Un racconto sul calcio di Luciano Bianciardi merita sempre di essere letto. Si intitola Il ritiro ed è contenuto nella raccolta La solita zuppa e altre storie pubblicato nel 2003 dalla Bompiani. In realtà però uscì la prima volta nell’aprile del 1969 su Kent, una di quelle riviste erotiche che ebbero un certo successo negli anni Sessanta sfidando le ire della Chiesa e della buoncostume e che ogni tanto qualche magistrato zelante faceva sequestrare.
Uomini e letteratura
Kent, fondata nel 1967 dall’editore Sergio Garassini che qualche anno più tardi darà vita anche a Cronaca Vera, presentava donnine mezze nude e un po’ di cultura. Il sottotitolo della testata parlava chiaro: Mensile per gli uomini. Tra i collaboratori, oltre a Bianciardi, anche Gian Carlo Fusco, Mario Soldati e Gianni Brera.
La collaborazione di Bianciardi a Kent, ma anche a Playmen e a Le Ore va interpretata da un lato come una sincera presa di posizione a favore delle battaglie civili per la libertà sessuale e contro la censura e dall’altro come una prova di quella sua naturale vocazione per la dissipazione del proprio talento che lo porterà dritto dritto sulla via dell’autodistruzione.
Il ritiro
Per tornare a Il ritiro, c’è il calcio giocato con il protagonista-narratore, un fior di mediano con quasi duecento presenze in serie A e sedici in nazionale. C’è il solito codazzo di supertifosi più o meno eccellenti, quelli sempre presenti in tribuna centrale e nelle occasioni mondane, C’è la bonazza di turno che prende per mano il nostro eroe un po’ bamboccione e lo introduce alle gioie della carne. Ma in agguato ci sono anche i Mister, spalleggiati da certi medici che la sanno lunga, con le loro teorie sulla concentrazione della squadra che va difesa contro tutti e contro tutto.
Si può fare o non si può fare?
In particolare, la squadra deve essere difesa contro il sesso, il nemico mortale che porta a disperdere le preziose energie psico-fisiche dei “ragazzi”.

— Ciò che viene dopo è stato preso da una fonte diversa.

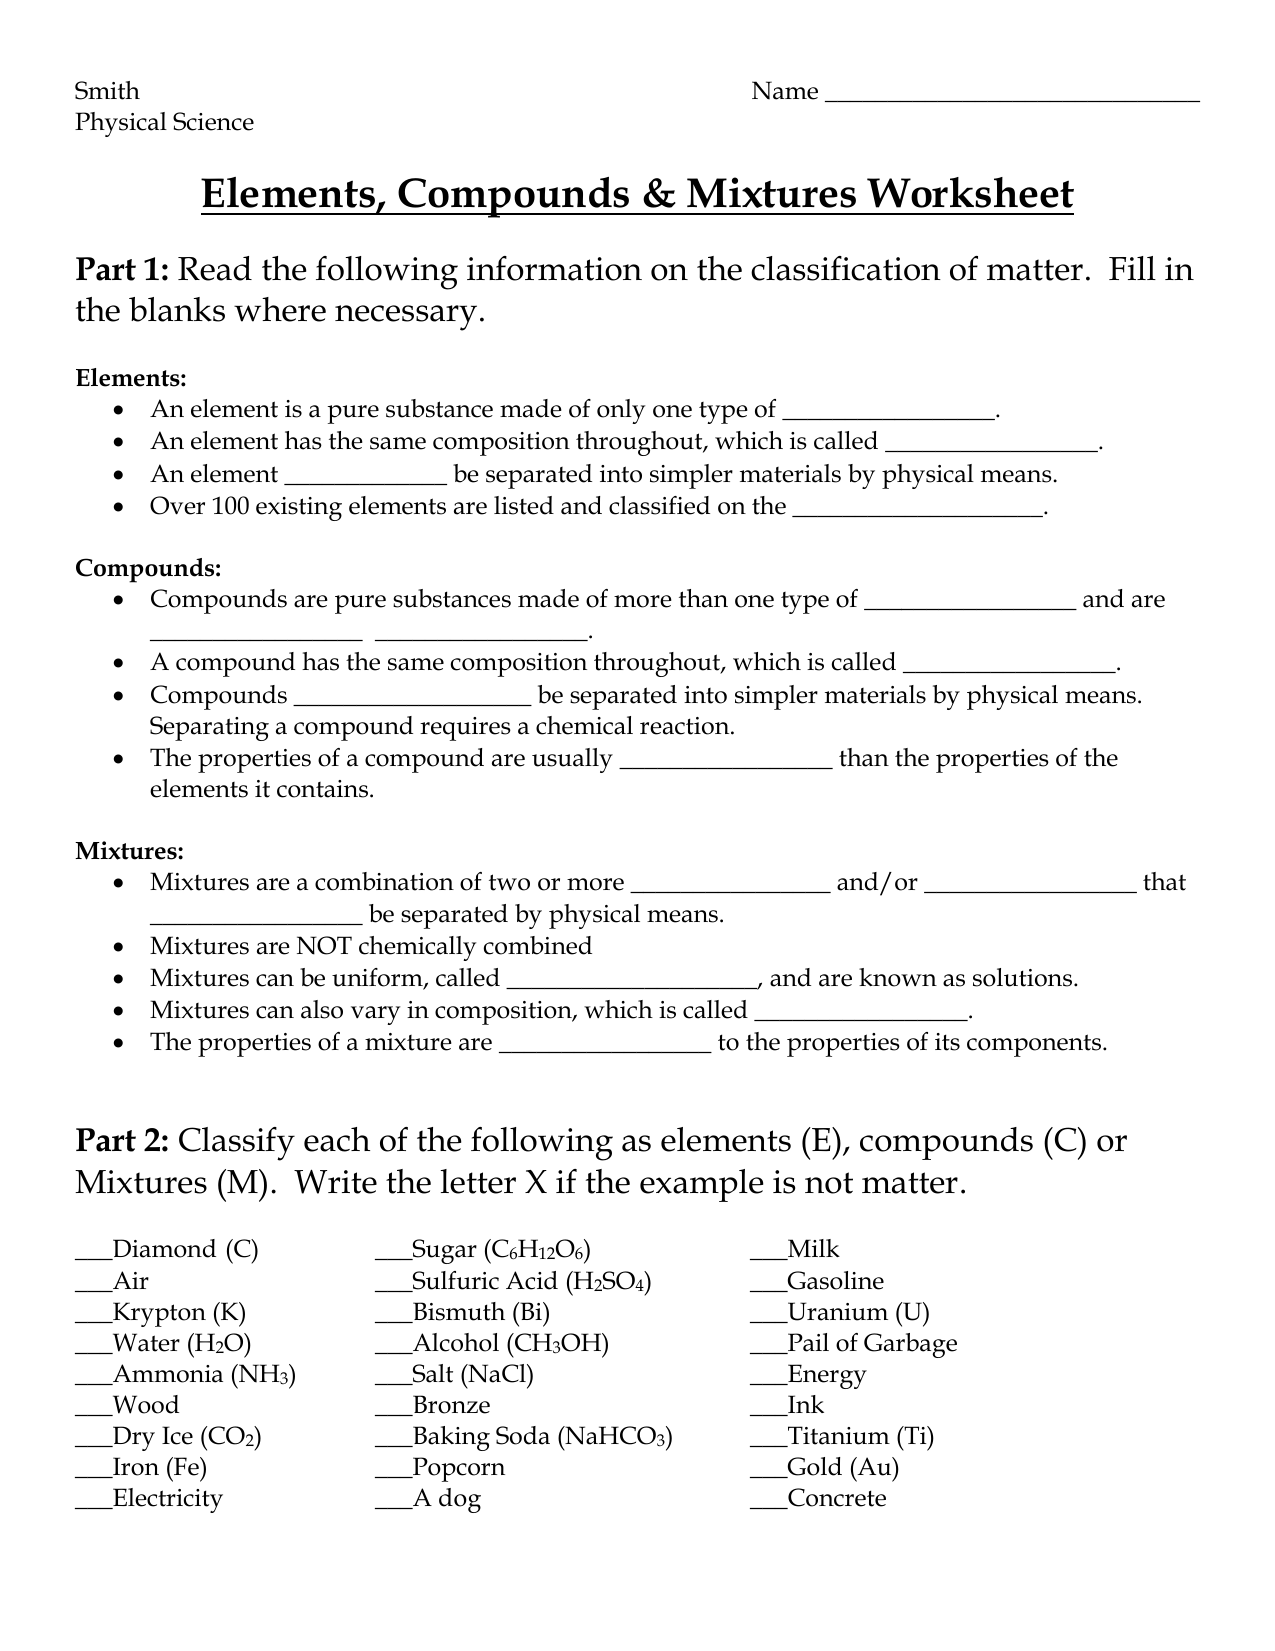 Elements, Compounds & Mixtures Worksheet With Regard To Mixtures Worksheet Answer Key

Solo il ritiro può preservare i nostri campioni dalle tentazioni.
A quanto pare quella cosa lì prima della partita non la si può fare perché rischia di minare il rendimento in campo, dopo la partita non la si può fare perché c’è da smaltire lo stress della gara e durante la partita non ne parliamo neanche. Insomma, una vitaccia. Così il nostro mediano se ne sta chiuso in un una stanza d’albergo dal venerdì a tutto il lunedì e passa le notti con gli occhi sbarrati a pensare alla sua biondona.
Il bello è che poi se alla domenica non corri e non tocchi palla i giornalisti cominciano a parlare di “dolce vita”. Che ci provassero loro.